L'OMOFOBIA NELLE DICHIARAZIONI DEL CLERO CATTOLICO


Articolo principale: I TESTIMONI DI GEOVA SONO OMOFOBI?


Avvertenza: in questa appendice le fonti delle citazioni sono riportate in maniera sintetica. Per reperirle in forma completa, fare riferimento alla seguente discussione del forum tdgonline: link.

Riproponiamo la domanda di partenza: si può classificare l’Organizzazione di Geova come ‘comunità omofoba’ anche solo in senso lato? A chi, malgrado tutto, fosse rimasto ancora qualche dubbio, gioverà gettare uno sguardo sulla Chiesa Cattolica Romana, la religione d’ispirazione cristiana più diffusa al mondo: questa breve parata renderà per confronto la precedente definizione, se possibile, ancora meno plausibile.

Sarebbe facile provocare una superficiale esecrazione analizzando i ‘secoli bui’ della Chiesa. Può indignare l’apprendere che Pio V definisse i rapporti omosessuali “un così grave flagello” e parlasse di “contagio”, di “nefasto crimine” e di “abisso”, consegnando gli omosessuali all’autorità secolare e ai relativi supplizi (Costituzione Horrendum illud scelus, 1568, Bullarium Romanum, t. IV, c. III, p. 33): interviene, rapida e provvidenziale, la ‘pezza’ del contingente oscurantismo a coprire e ridimensionare gli effetti di queste censure, che ad un osservatore odierno – e solo a lui – apparirebbero oltremodo intransigenti o crudeli. Per tacere poi dei tribunali dell’inquisizione spagnola, che comminavano agli omosessuali specifiche torture come la ‘sega’ e la ‘pera’, sulle cui raccapriccianti modalità di esecuzione preferiamo sorvolare (ai più curiosi basterà una rapida ricerca in Internet).

La ‘sega’ e la ‘pera’, due strumenti di tortura utilizzati dall’inquisizione cattolica (secolo XV) nei processi a carico degli omosessuali .

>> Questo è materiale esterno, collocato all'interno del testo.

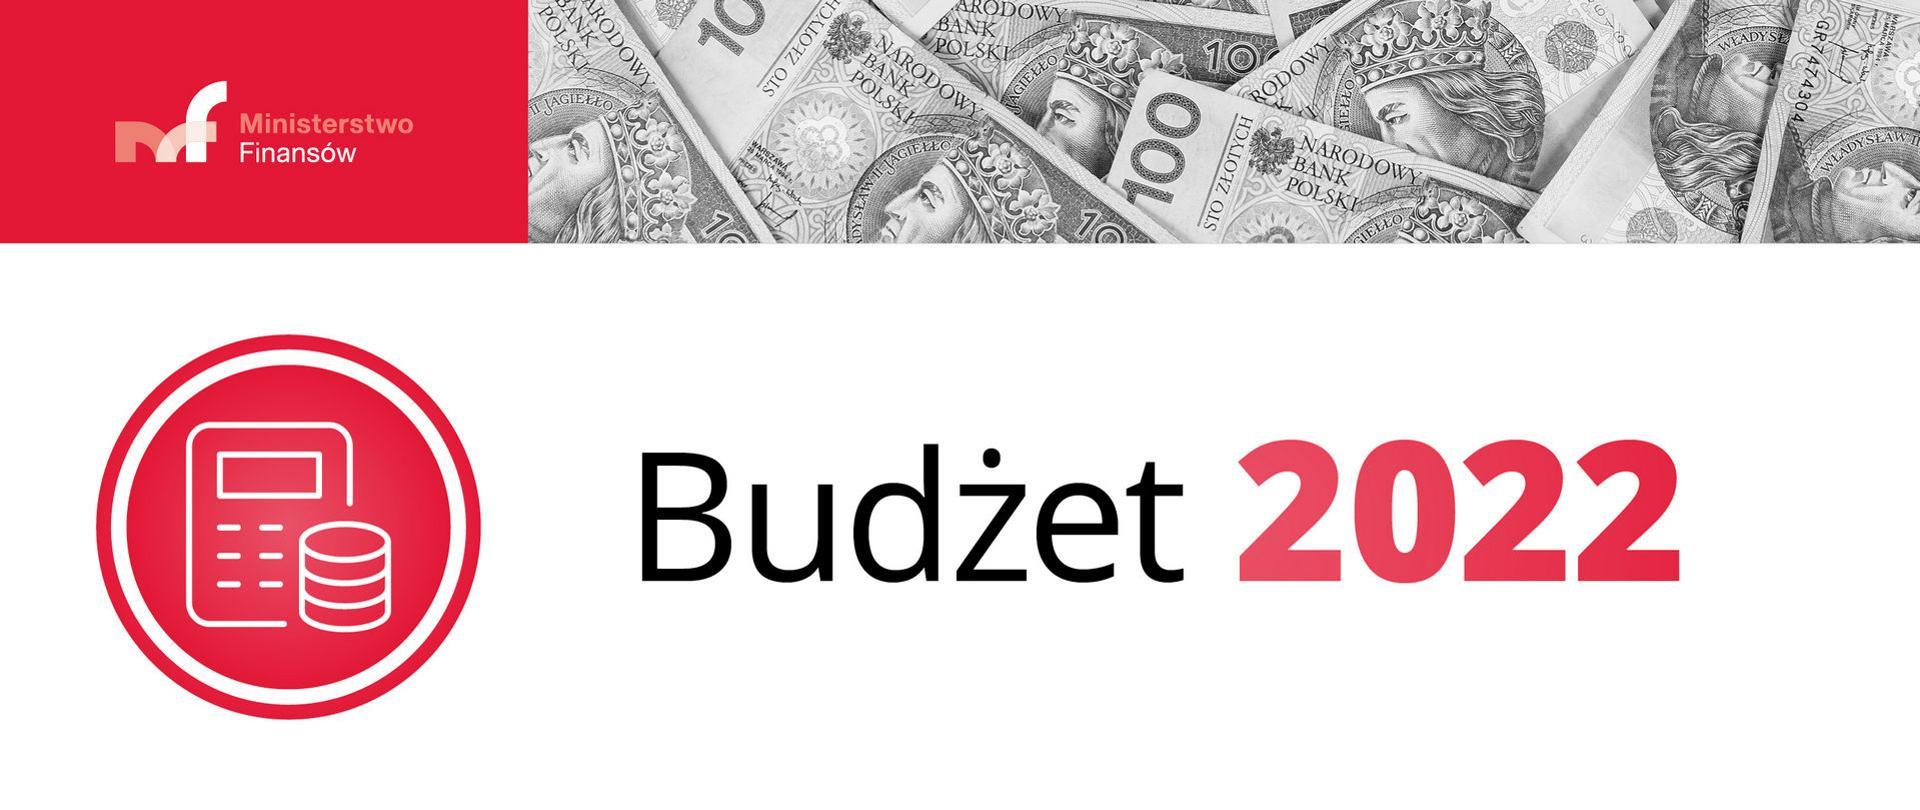 Budżet na 2022 r. wsparciem dla rozwoju gospodarki - Grafika z logo MF, banknotami i napisem Budżet 2022.
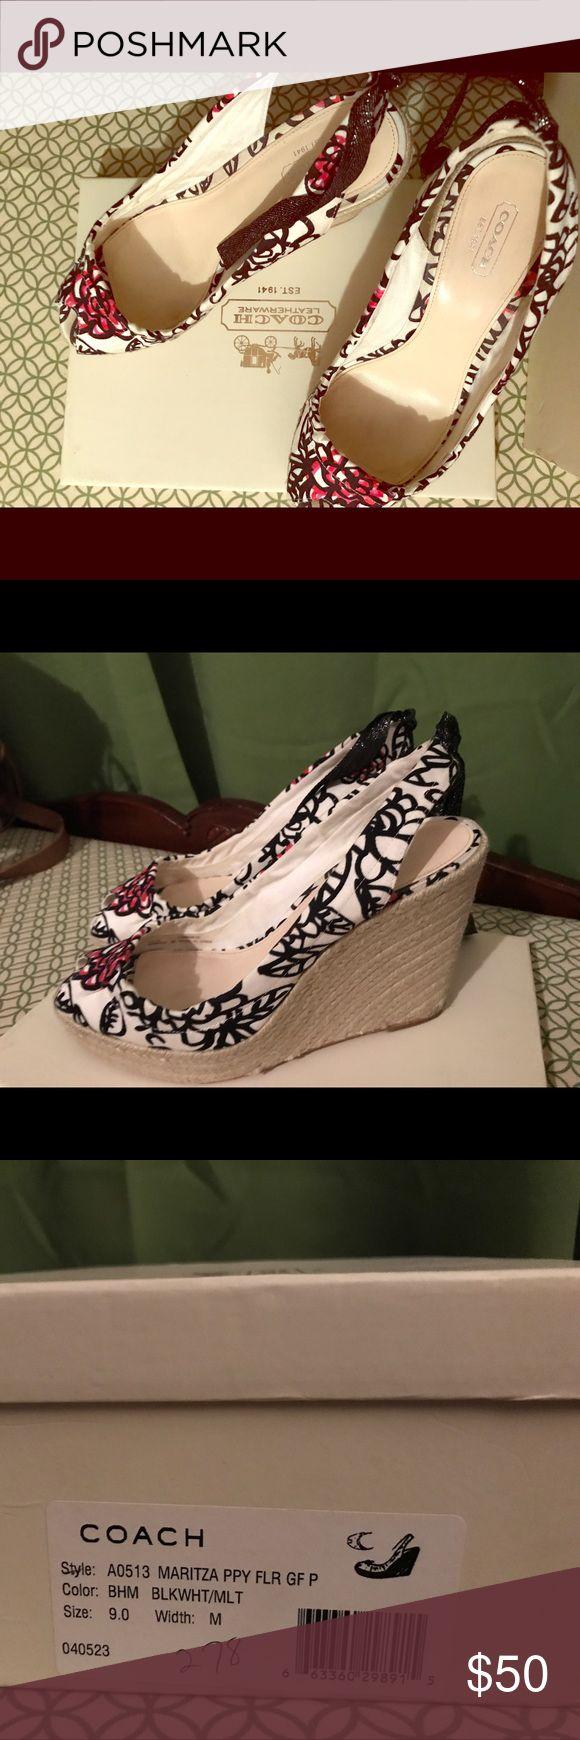 Coach size 9 poppy floral wedge Coach size 9 poppy floral wedge Coach Shoes Wedges

Non è però necessario andare così lontano nel tempo per trovare traccia di analoghi marchi d’infamia. Molte dichiarazioni pubbliche di ecclesiastici contemporanei, appartenenti anche ai gradi più elevati della gerarchia, riflettono un atteggiamento che va oltre il doveroso richiamo ai principi morali, non di rado sconfinando nel fondamentalismo vero e proprio.

Omosessualità e intolleranza cattolica:

ieri e oggi

Iniziamo dalla ‘testa’ dell’organizzazione: il pontefice. I più recenti papi non hanno perso occasione di esprimere una netta contrarietà alle relazioni omosessuali. Ad esempio, nel 2000, Giovanni Paolo II definiva il Gay Pride (storica manifestazione pubblica in difesa dei diritti omosessuali) “un’offesa ai valori cristiani” e le tendenze omosessuali “una inclinazione oggettivamente disordinata”. “Gli atti di omosessualità sono contrari alla legge naturale”; per cui la Chiesa ha, secondo Papa Wojtyla, il dovere di ‘non tacere la verità’ aiutando i fedeli a distinguere il bene dal male (Repubblica.it, articolo del 09/07/2000).

Gli ha fatto eco il suo successore, Joseph Ratzinger, salito al soglio pontificio nel 2005 con il nome di Benedetto XVI. In una occasione ha criticato i progetti di legge sui matrimoni gay, rilevando come ‘la libertà non può essere assoluta’. “Il cammino da seguire non può […] essere l’arbitrio, o il desiderio, ma deve consistere, piuttosto, nel corrispondere alla struttura voluta dal Creatore” (Adnkronos.com). Difficilmente un osservatore imparziale ravviserebbe indizi di fanatismo in dichiarazioni come queste – pur nette – specie se paragonate a sortite ben più “prosaiche” come quelle che saranno documentate fra poco, ma a quanto sembra i diretti interessati sono di diverso avviso. Nel 2007, ad esempio, sulla scorta del veto posto da Papa Ratzinger all’ufficializzazione delle unioni gay, l’organizzazione non governativa Human Rights Watch ha inserito Benedetto XVI nella classifica dei “leader che usano la loro autorità per negare diritti umani di base”. (HRW, 15/05/2007).

Abbastanza equilibrato, ma inequivocabile, anche Raffaello Martinelli, vescovo di Frascati, il quale pur parlando di “giusta tolleranza verso le persone omosessuali”, dichiarava l’atto omosessuale “peccato gravemente contrario alla castità. […] In nessun modo può essere approvato.” Nel rimarcare la totale contrarietà della Chiesa alla legalizzazione delle unioni gay e alla possibilità che coppie omosessuali allevino dei bambini, mons. Martinelli ha definito l’omosessualità un “comportamento deviante” e le unioni gay ‘nocive per il retto sviluppo della società umana’. (Zenit.org, articolo del 22/02/2007). Dal canto suo l’arcivescovo Ersilio Tonini, noto per le frequenti apparizioni televisive, ha definito “una grande, enorme, immensa sciagura” la presenze di omosessuali nella Chiesa e ha detto che ‘forse è opportuno il ricorso allo psicologo’. (Cardinalrating.com, articolo del 16/12/2005). Dichiarazioni franche (o grezze, secondo i punti di vista) che sembrano fare il paio con quella di mons. Simone Scatizzi, vescovo di Pistoia, il quale, nel motivare il veto della Chiesa a impartire il sacramento della comunione ai gay conclamati, ha liquidato così la questione: “L’omosessualità in quanto tale è un disordine e su questo non ci sta discussione.” (voceditalia.it, articolo del 06/02/2010).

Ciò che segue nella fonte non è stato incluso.